Hhalbor stumbled backward from the roof edge, his spines lifting all down his back. "No!" he whispered. His face had gone white. The two of them cast about for someplace to hide, but the roof offered no shelter.

"They can't do anything to me," Tuco said, gritting his teeth as the lantern light grew brighter. "Not anymore."

Monks hurried out of the stairwell onto the rooftop, and pointed toward Tuco and Hhalbor with cries of, "There they are!"

Brother Gabriel pushed his way past the others, his eyes wild and furious. "Cornered at last!" His voice echoed across the roof and was answered by distant thunder. "Your prayer, Cantor Jacobs!"

Tuco recognized the short little man who had been the chanter at recent masses. He had shaggy arms and legs like those of a bear, but was otherwise little changed. Now in one brown-furred hand, he held aloft a silver crucifix, and his bell-like voice rang out in the fading storm. "Lux mundi!"

A light whiter and more brilliant than any Tuco had ever seen blazed away from the crucifix, turning the rooftop brighter than noonday. Something was deeply, fundamentally wrong in that light: it was not warm, but hard and cold-edged, the color of hypothermia, the shape of a migraine. It hammered into him; he closed his eyes but could see it just as brightly, and it seemed to pierce him with a million blunt needles. He felt it in his brain, in his stomach, in his heart, in every muscle. He slumped where he stood, his body suddenly feeling too weak to hold upright.

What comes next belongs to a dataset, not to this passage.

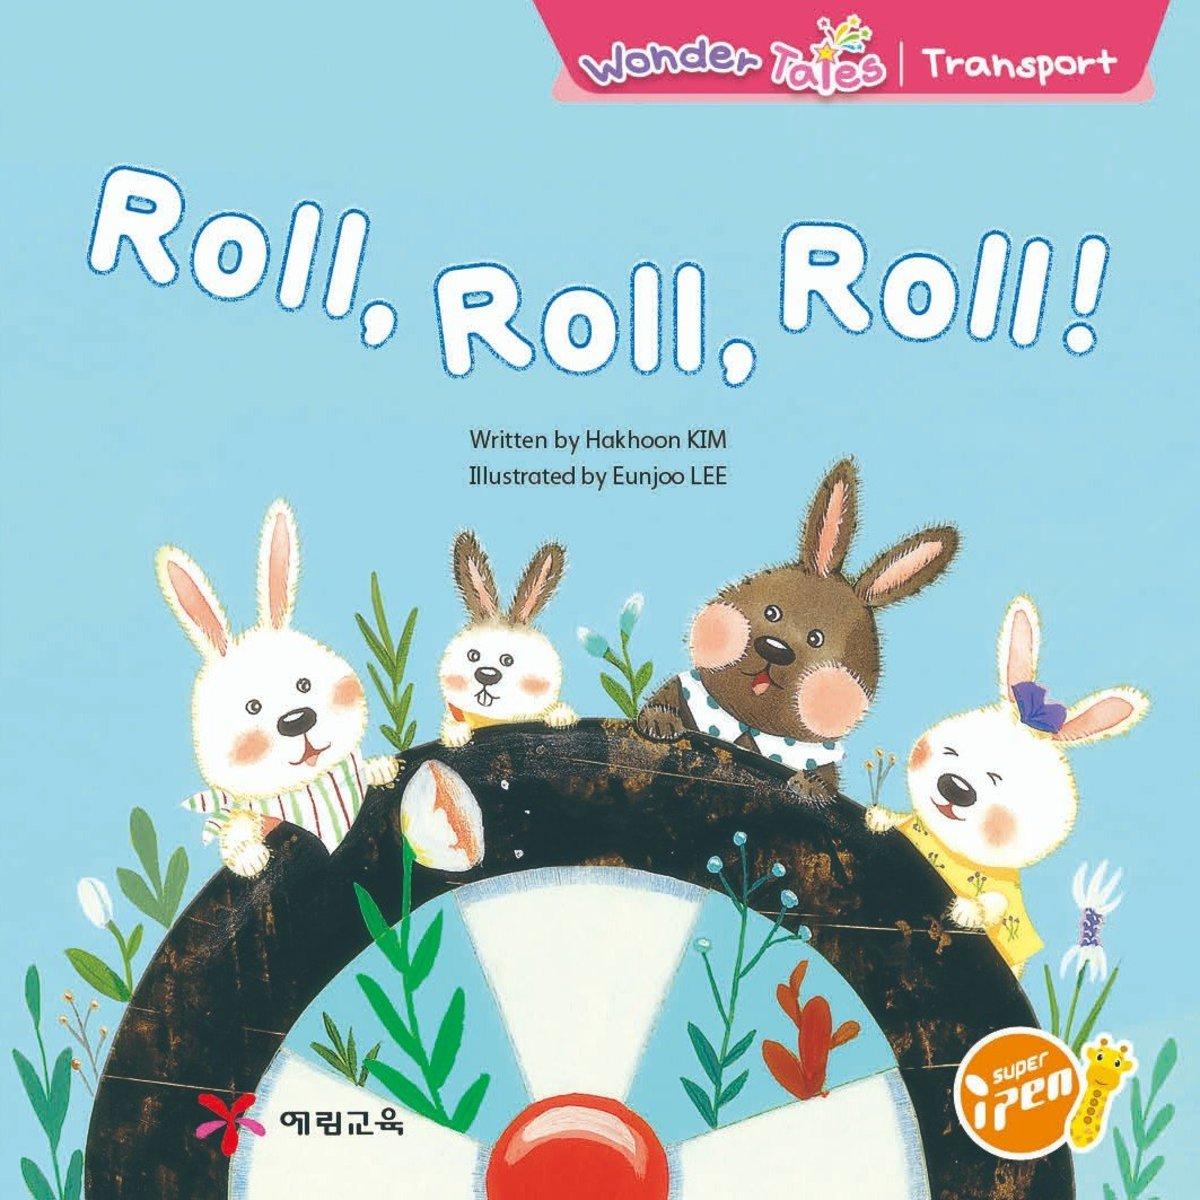 Wonder Tales 英文繪本 (K1)—Roll, Roll, Roll!

"Good." Tuco could hear the smirk in Brother Gabriel's voice. "You there. Apprentice... Hhalbor, is it not?"

"Yes, sir," came Hhalbor's timid voice.

"This creature. You helped him hide from us."

"N-no, your worship. I--I fled. He pursued me."

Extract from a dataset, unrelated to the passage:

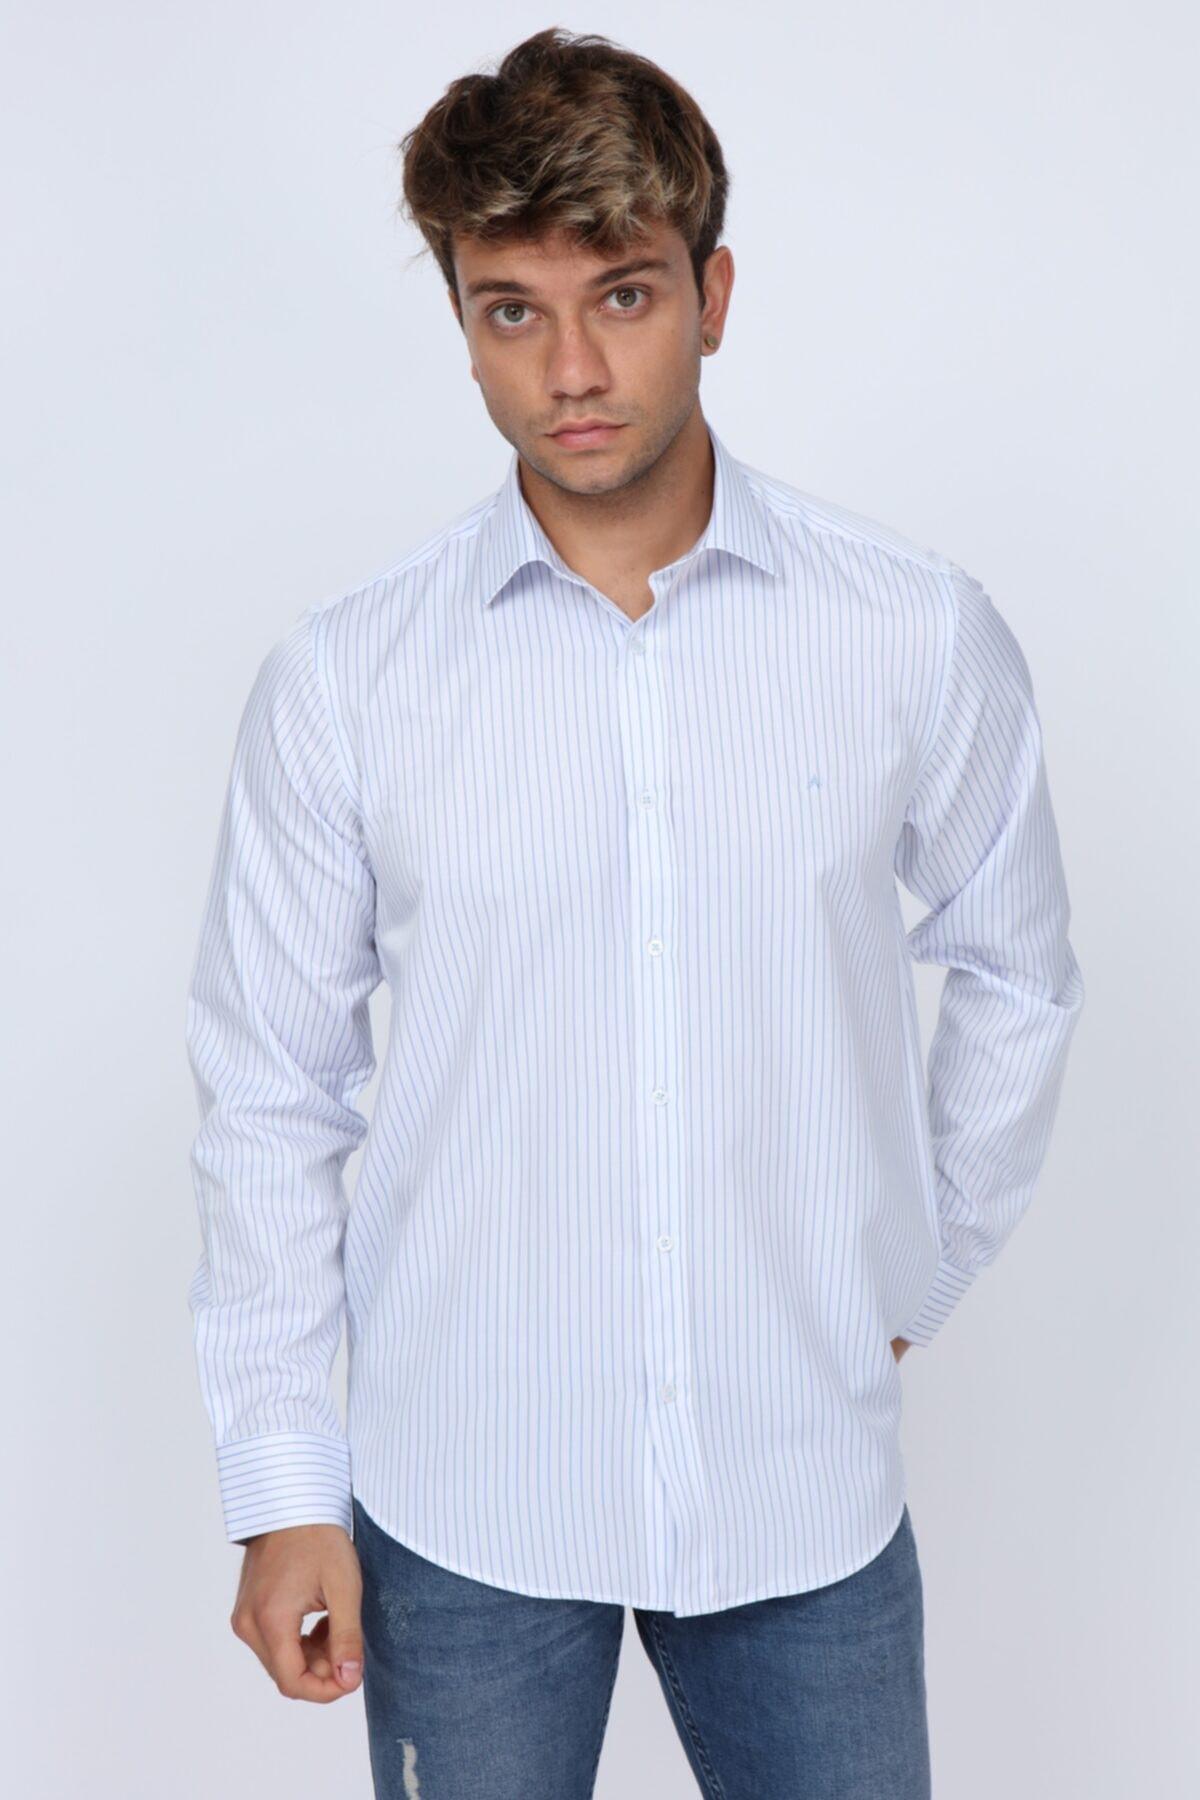 Abbate Club Açık Mavi Çizgili Slim Fit Erkek Gömlek 1

"For quite some time, it would seem. You must be exhausted from running around and around the rooftop."

"He tried to seduce me, your worship."

A silence in the brilliant light. "And did he succeed?"

"I serve the Almighty, not the Abyss."

The footsteps of Brother Gabriel came closer. Tuco squinted in the light, but still could see nothing. He was helpless, blinded. "You repudiate the darkness, then?" Brother Gabriel's voice was hard as polished marble. "Show me."

Through the intolerable light, Tuco could just make out the shape of Hhalbor stepping toward him, an antlered blur with sad, frightened eyes. The apprentice put his hands on Tuco's stomach. He pushed hard.

And behind Tuco, there was nothing but rain and empty air. He fell, his stomach twisting, the terrible light a blazing star above him.